The only heroes, the ones who reap the benefits of “nobody could be happier than we are” (Eliot 176), are the conscious decision-makers — Silas Marner and Eppie, each of whom Eliot places in unusual situations so as to allow them opportunities to make real choices. And, neither of whom chooses the traditional, biologically determined family. Marner stays a responsibility free hermit until he takes on Eppie in a revelatory moment and Eppie chooses her foster father above her biological one though both have rightful claims on her. Perhaps Eliot “supports family values” but that is a secondary message to the less traditional message that one must choose one’s family to begin with. This message is not just an extreme in a two-sided relationship, for it is the middle ground between its own two opposites, which include the possibilities of not having a family at all and going with the one you are biologically given. Silas Marner is not a tale of black and white, right and wrong, it is more complex and aims to depict at least three angles — if not more that I have, as of yet, failed to unravel.
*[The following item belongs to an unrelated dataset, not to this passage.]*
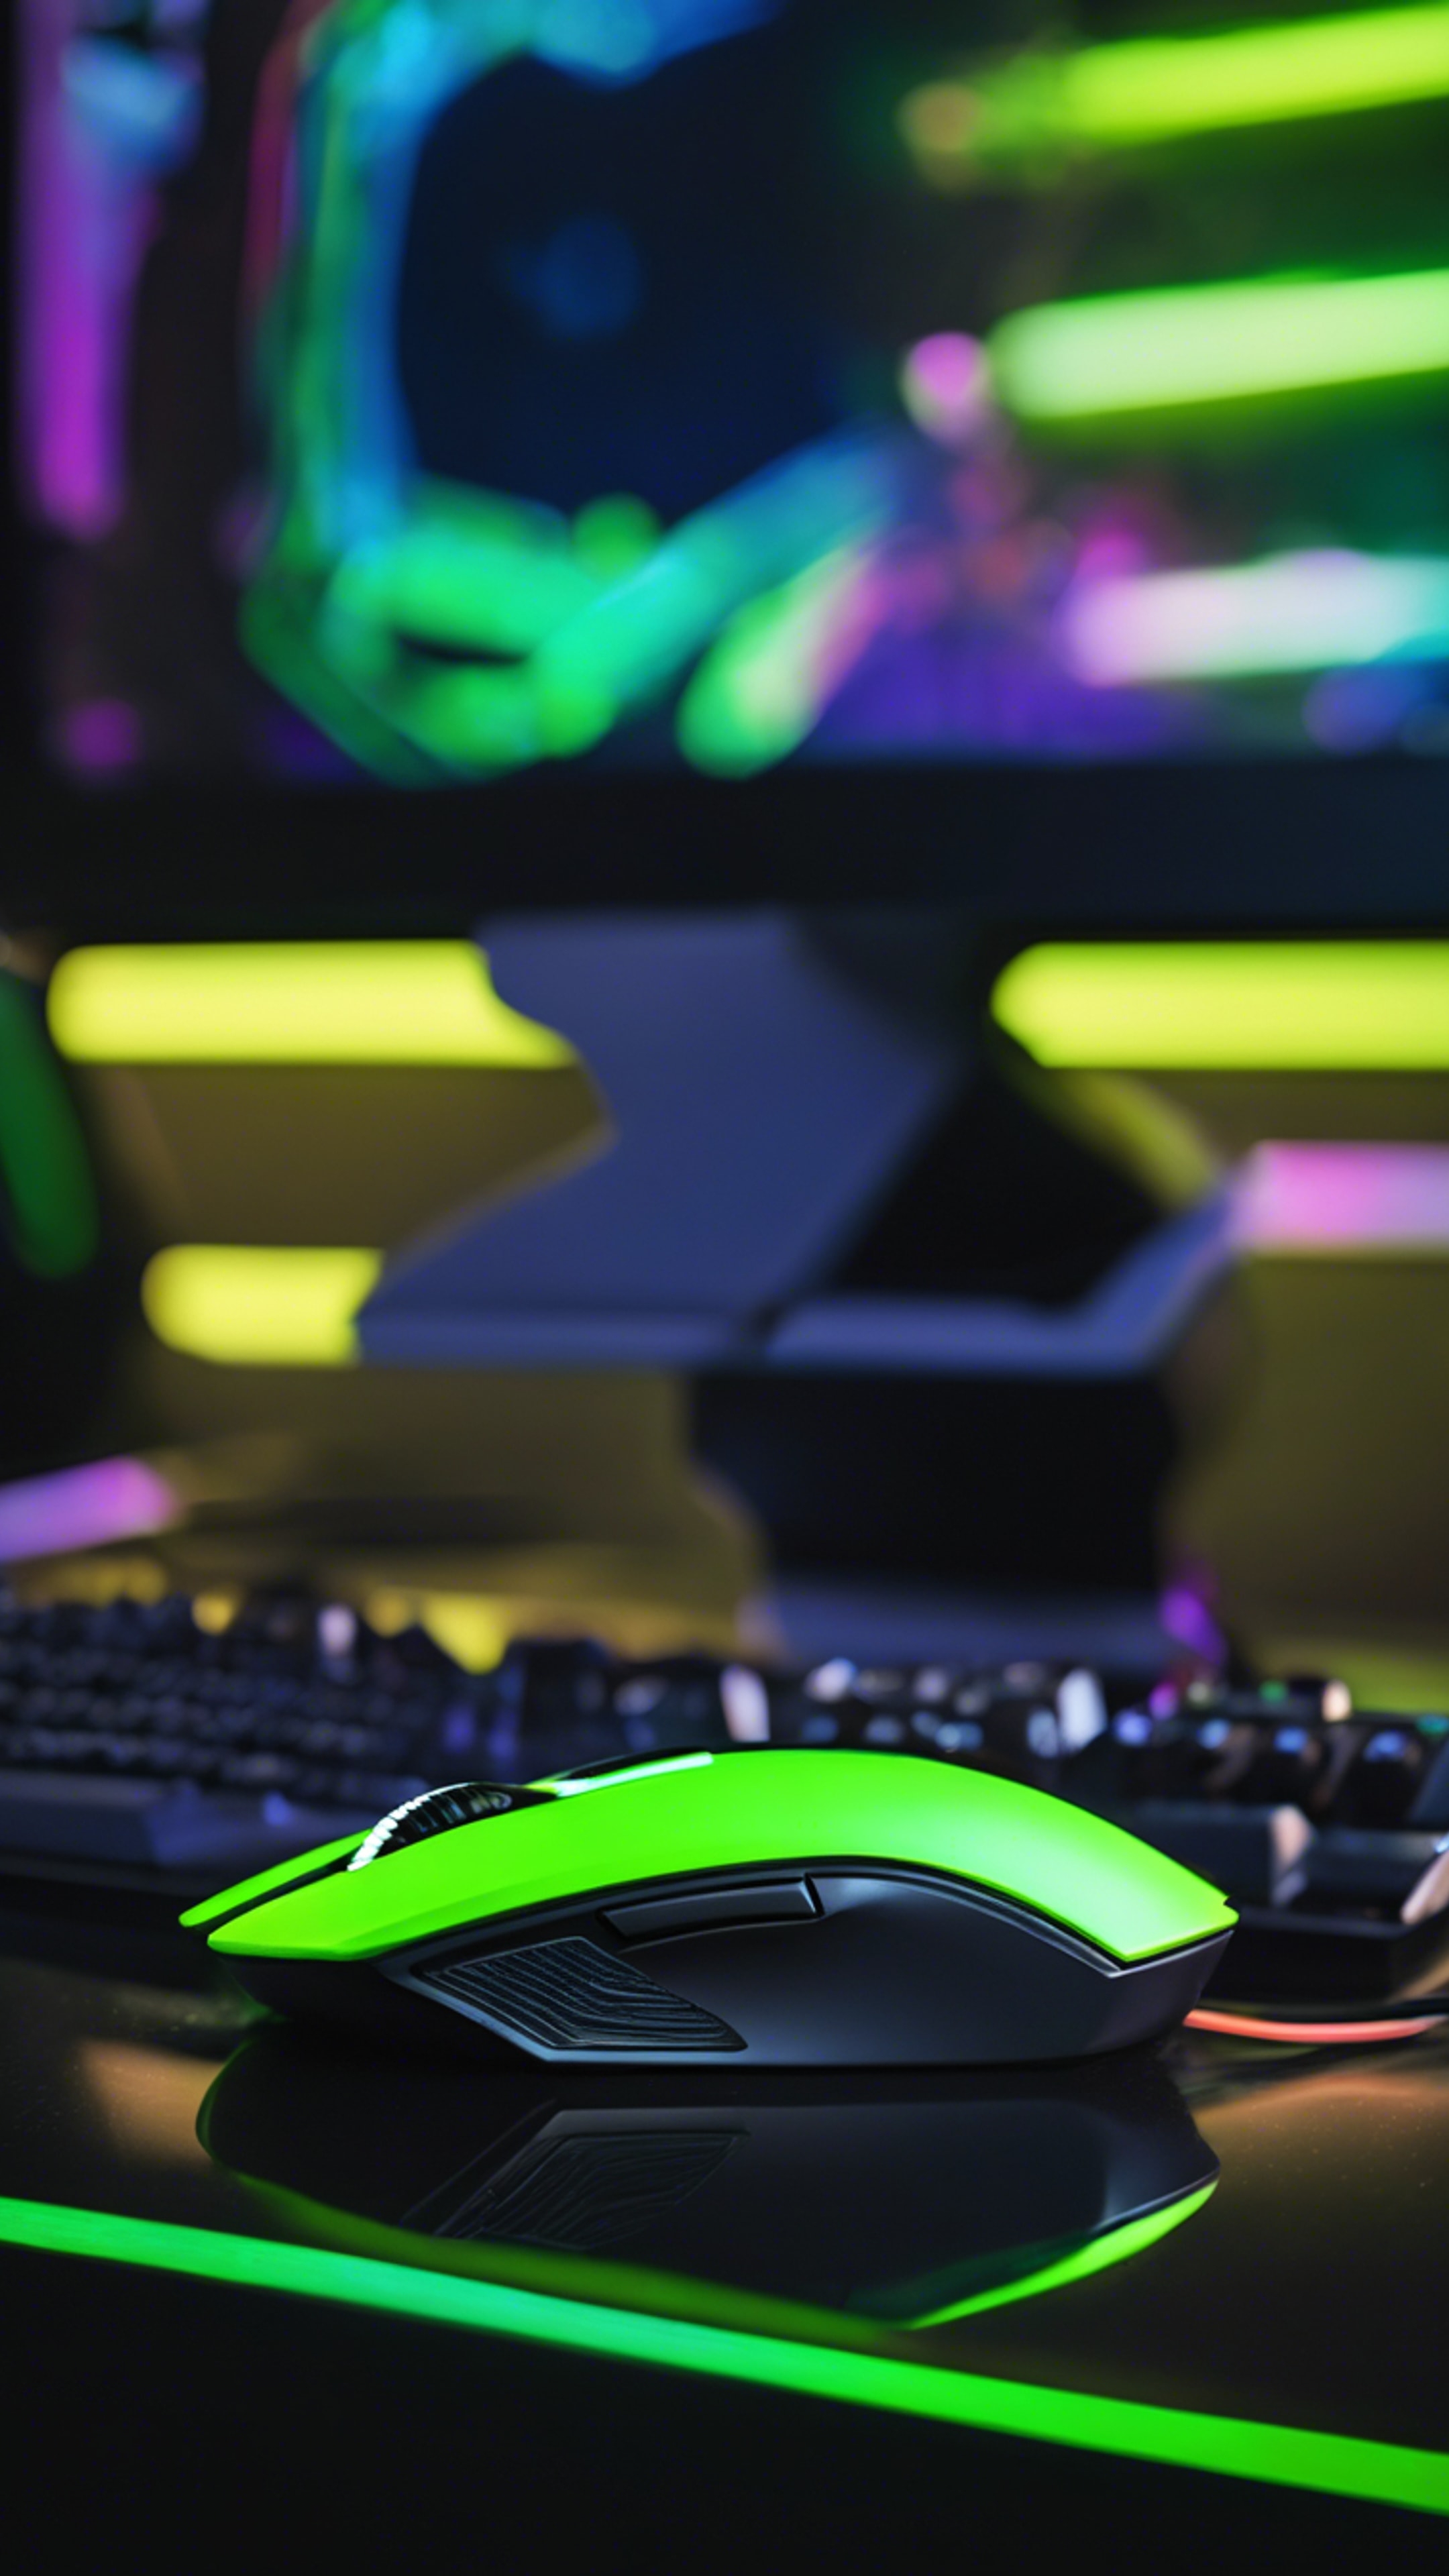 A cool neon green high-tech gaming mouse on a futuristic black desk setup. Behang[6d2a2b9049aa4c81a995]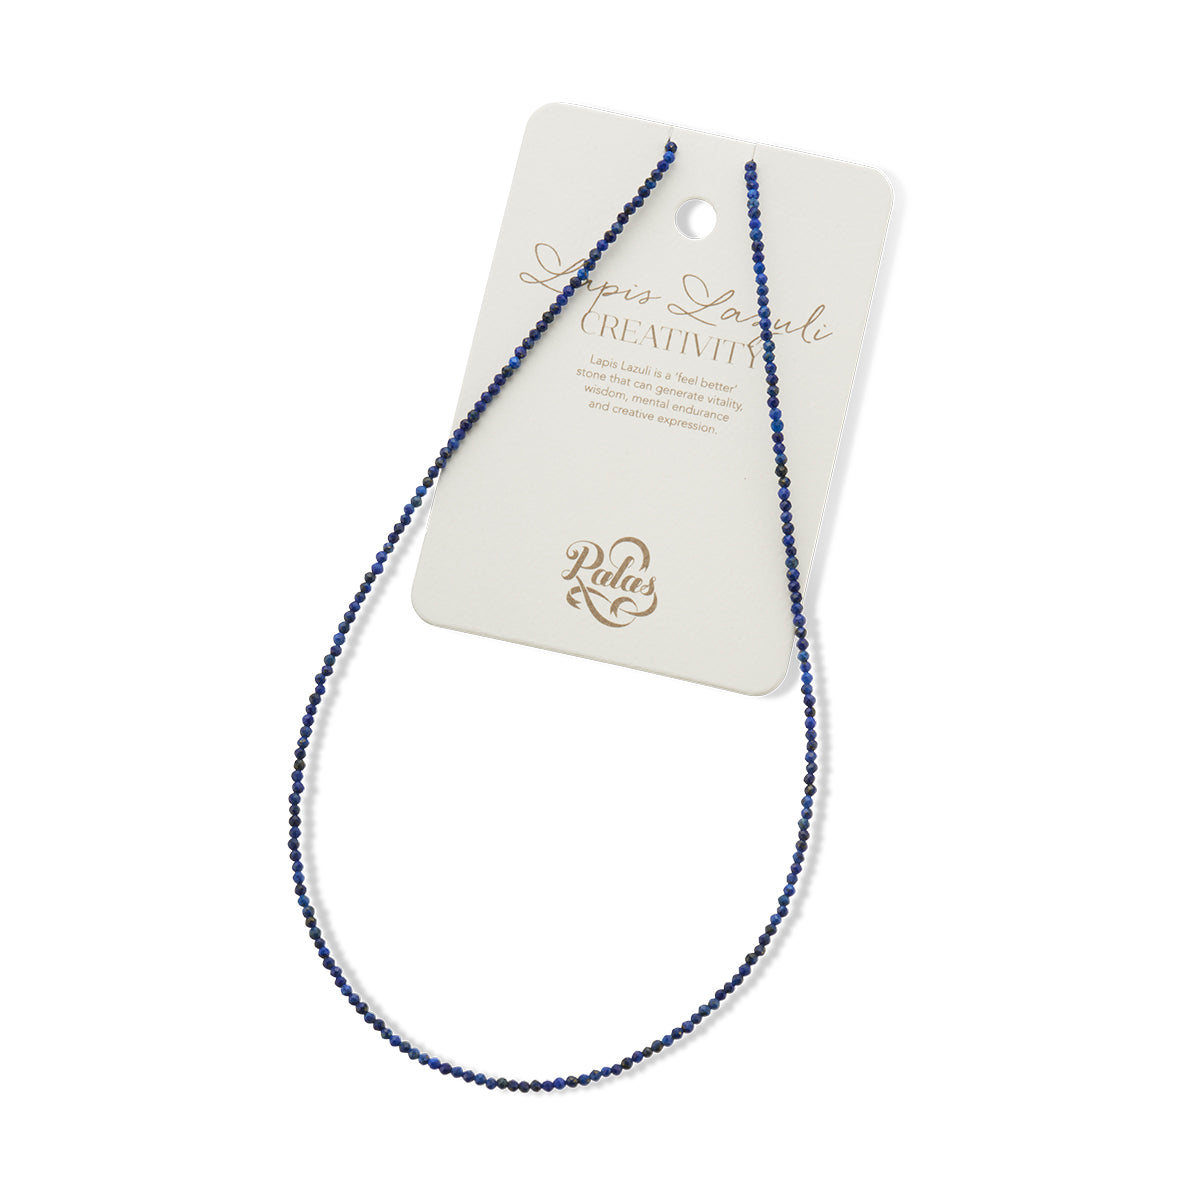 Lapis Lazuli empower gem necklace

Carroll, David, “Reversing the Oracles of Religion,” Casebook Series on George Eliot, Ed. R. P. Draper. London: Macmillan Press Ltd, 1977.
Cave, Terence, “Introduction to Oxford World Classic’s Silas Marner” (see following entry for details.)
Eliot, George. Silas Marner. Oxford: Oxford University Press, 1996.
Nunokawa, Jeff, “The Miser’s Two Bodies: Silas Marner and the Sexual Possibilities of the Commodity,” Victorian Studies, 1993, Spring, v. 36. pp. 273-390.